Mónico Sánchez Moreno (4 May 1880 – 6 November 1961) was a Spanish electrical engineer, inventor and industrialist, an early developer of high frequency electrical conduction equipment, wireless telephony, radiology, electrotherapy, and the first portable x-ray machine in 1909.

== Early life ==
Sánchez was born in Piedrabuena, Ciudad Real, Spain, on 4 May 1880. His family owned a small tile and brick plant, and his mother took in laundry, which she washed in an area of the river known as the Tabla de la Yedra. He was the youngest of four children and helped his mother with the washing.
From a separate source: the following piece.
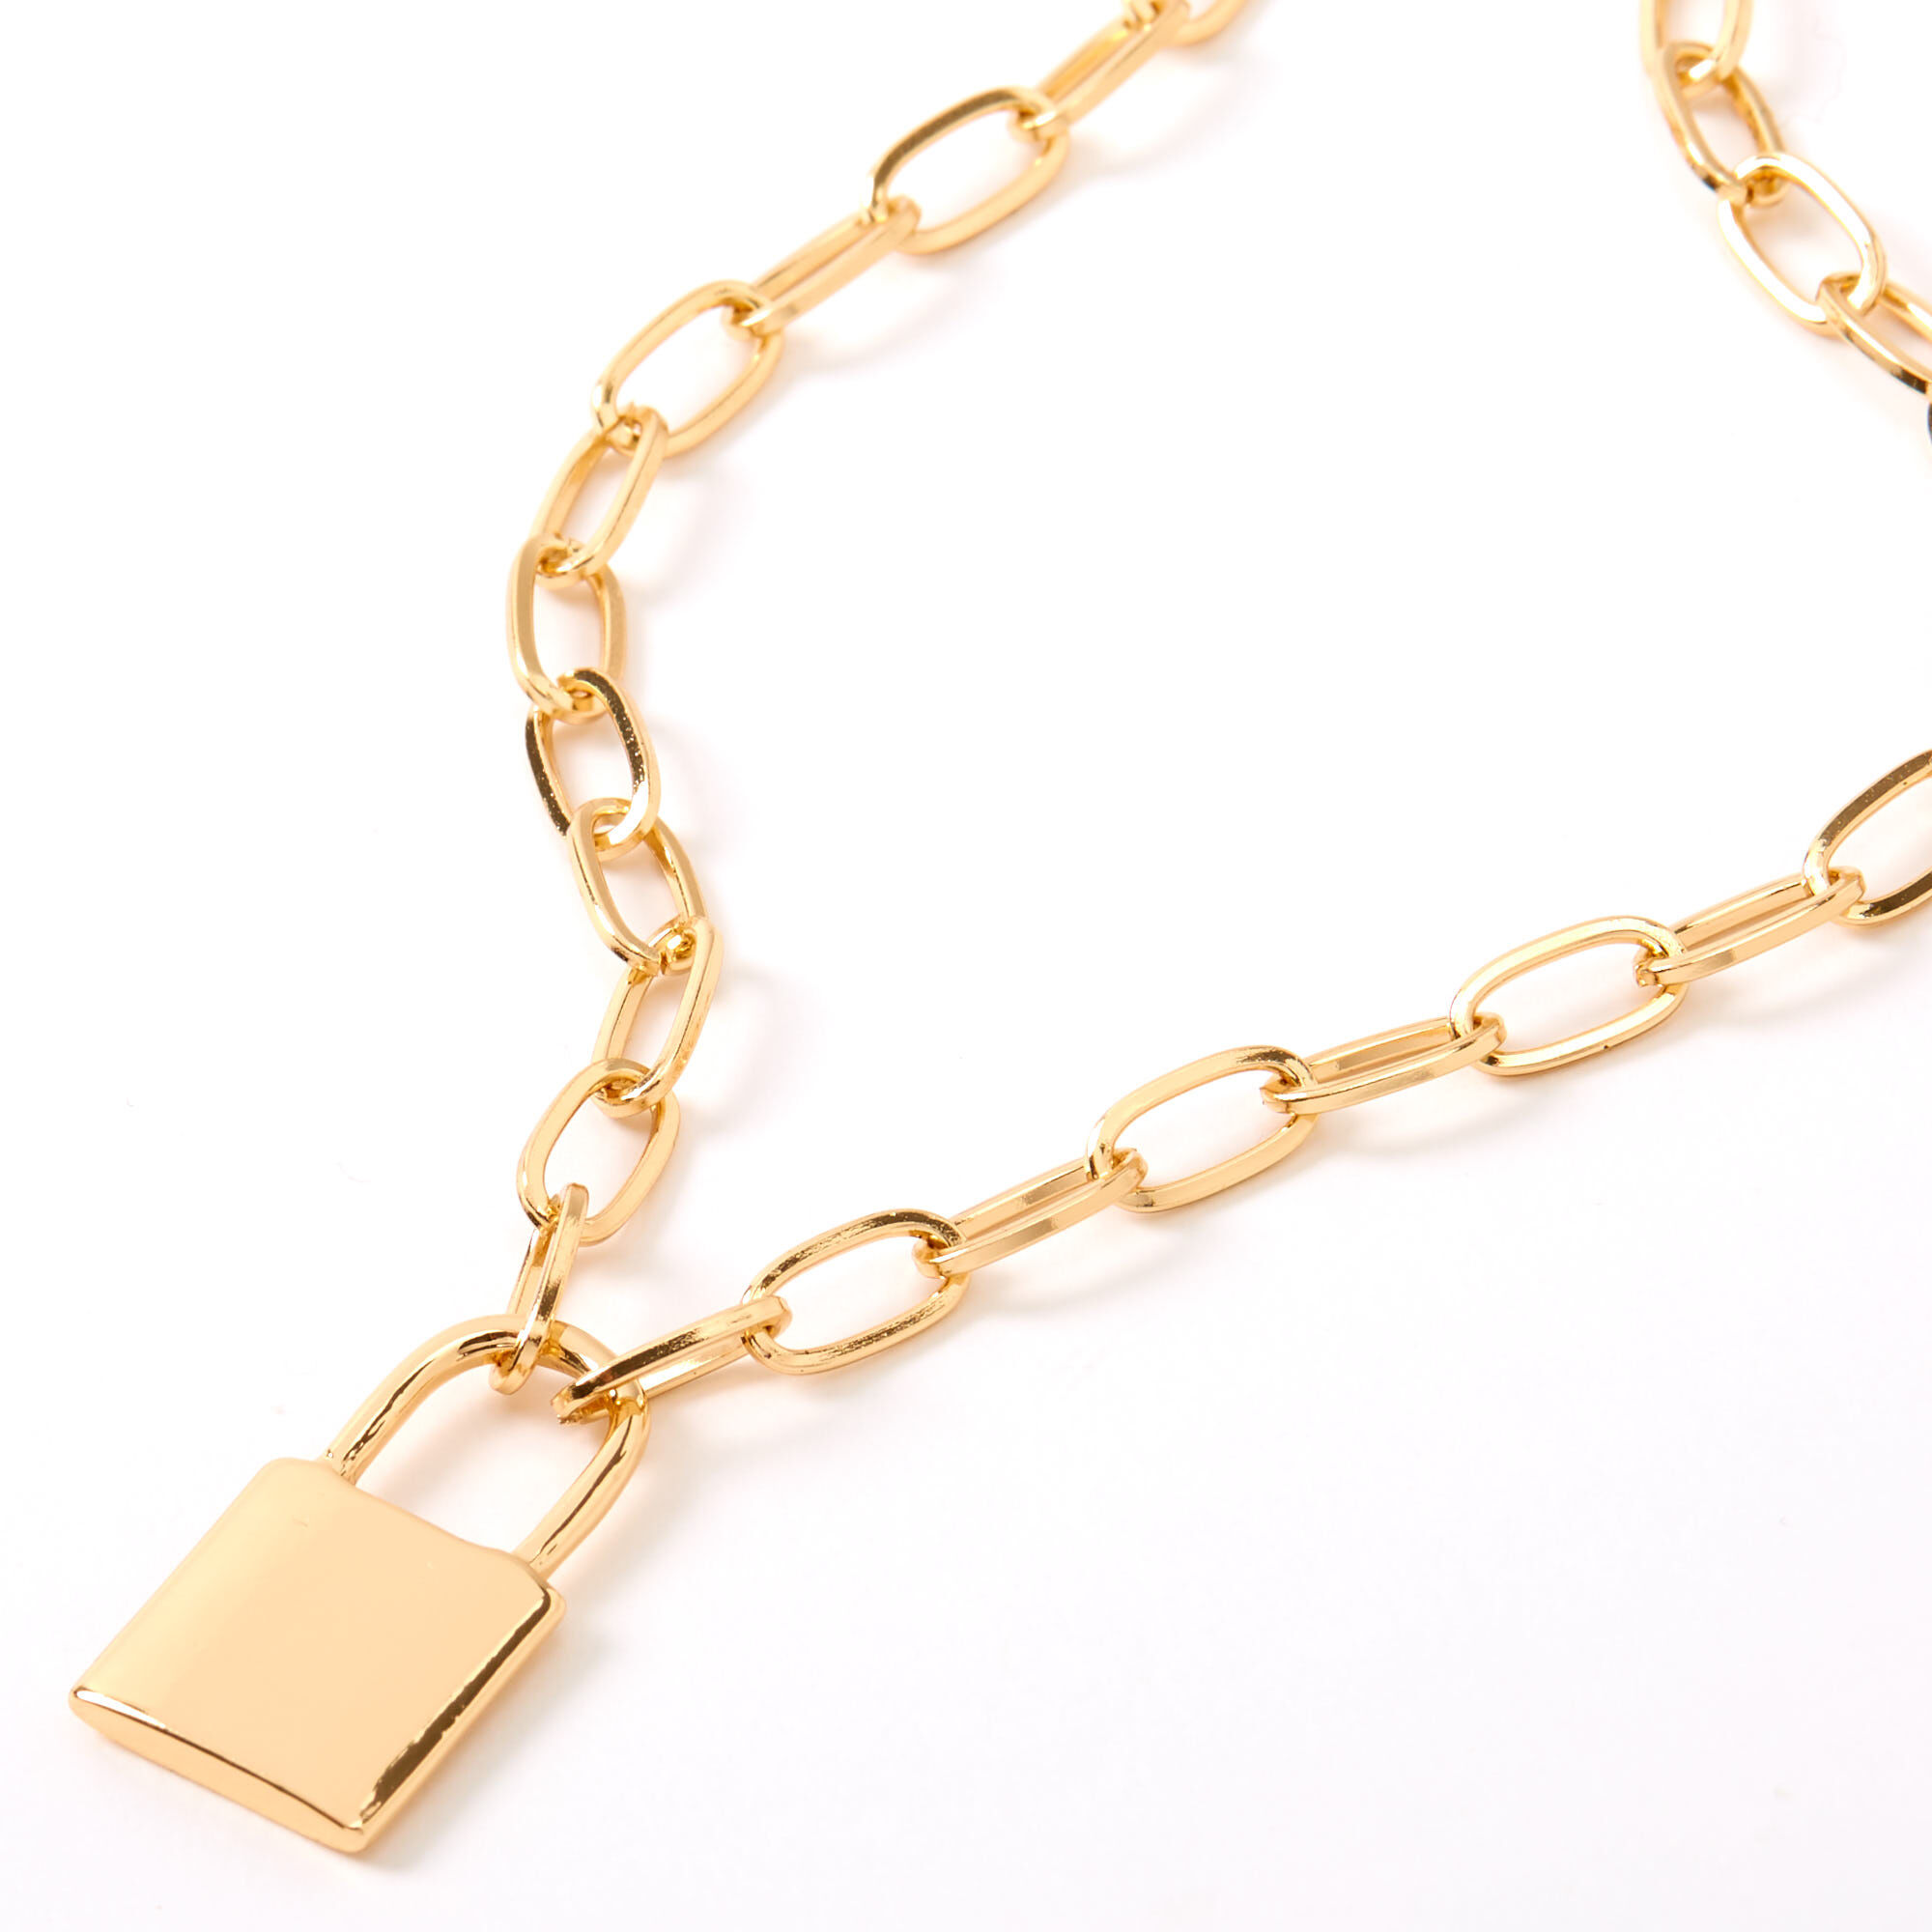 Gold Necklace Lock Pendant | Lock Necklace Women Gold | Necklace Lock Chain  - Gold - Aliexpress
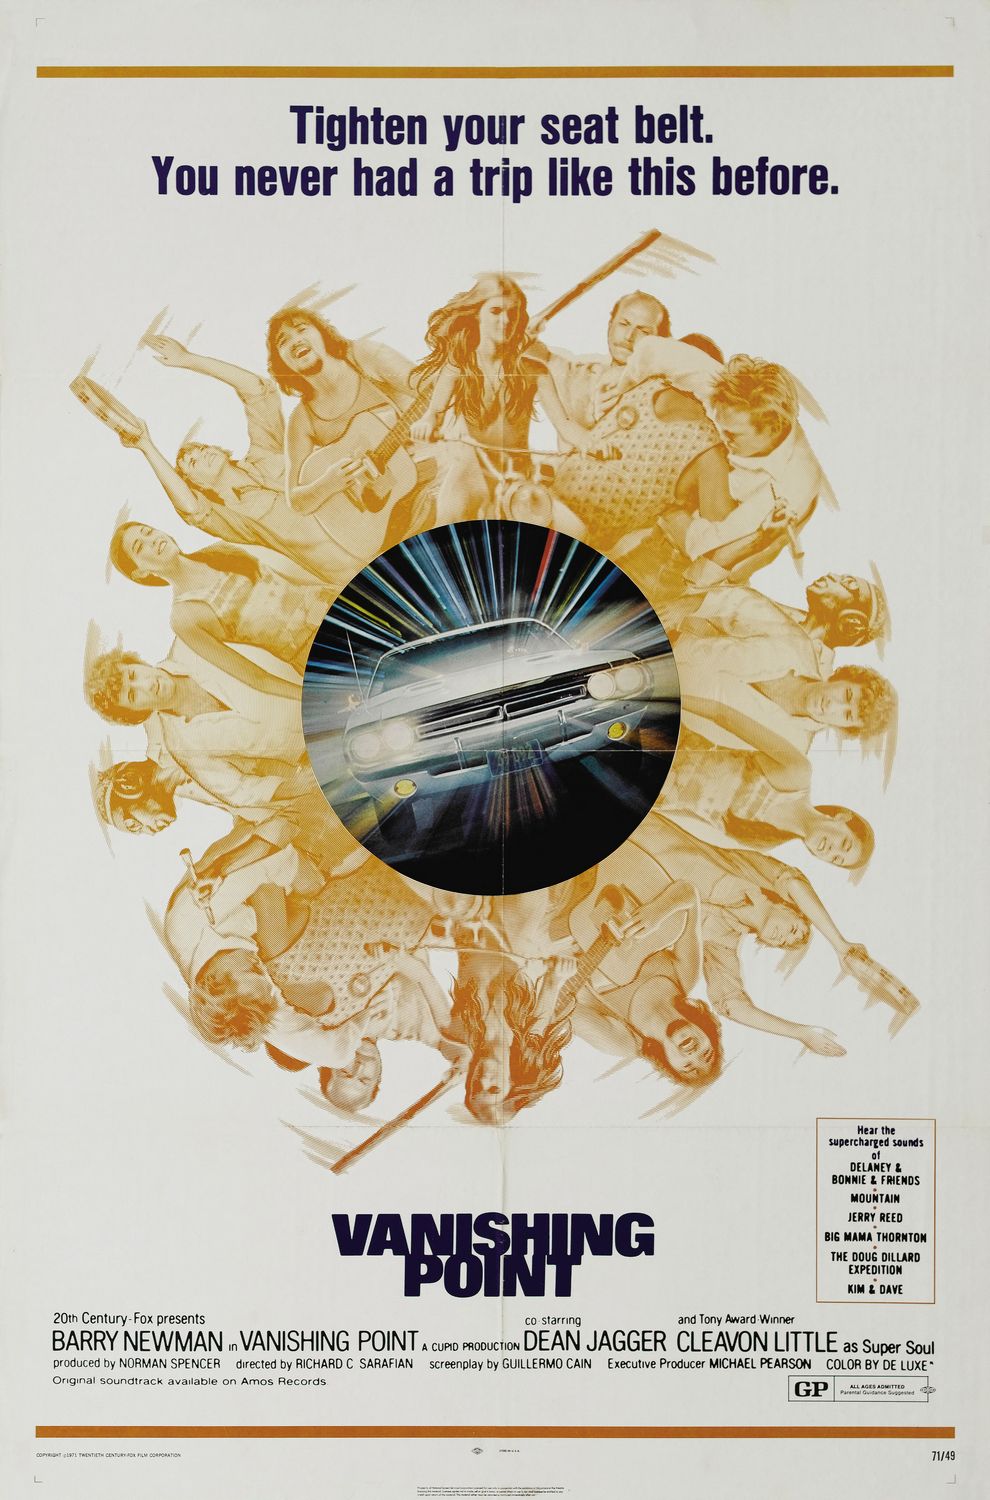 Nonton film Vanishing Point layarkaca21 indoxx1 ganool online streaming terbaru

At that time (data from 1900), Piedrabuena had a population of 3,810, 75% of whom were illiterate, and had a poor rural economy based on un-irrigated cereal crops and animal farming.

The teacher at the local school encouraged Mónico to continue his studies and, without finishing the lower level of High School, he left for Madrid with the intention of studying electrical engineering. Madrid in 1901 was in the process of introducing both electric street-lighting and electrified trams, replacing those pulled by animals.

However, the Electrical Engineering school was closed by student strikes, and Sánchez enrolled in a correspondence course in the subject offered by Joseph Wetzle from London. Despite knowing no English at that time, he followed the course diligently for three years. When he finished Joseph Wetzle contacted him and personally recommended him for a position at a company in New York.

== United States ==
In 1904 Mónico Sánchez, at the age of 23, sailed from Cádiz to New York. He worked as assistant to a draughtsman, but then began studies at the Institute of Electrical Engineers, He later took a course at the University of Columbia.

He first worked as an engineer at van Houten and ten Broek, a company which introduced electricity to hospitals. It was there that he invented a portable x-ray machine. It weighed scarcely 10 kg, as opposed to the 400 kg of the normal devices.

The Collins Wireless Telephone Company hired Sánchez as chief engineer, in order to sell his portable x-ray machine, under the name The Collins Sánchez Portable Device. He was offered $500,000 for his invention.

==Piedrabuena==
After a dispute with Frederick Collins over the manufacture of his wireless telephone, Mónico Sánchez Moreno returned to his hometown Piedrabuena where he successfully established a plant to design and manufacture his devices in 1912. This ended in the Spanish Civil War.

Sánchez died in Piedrabuena on 6 November 1961.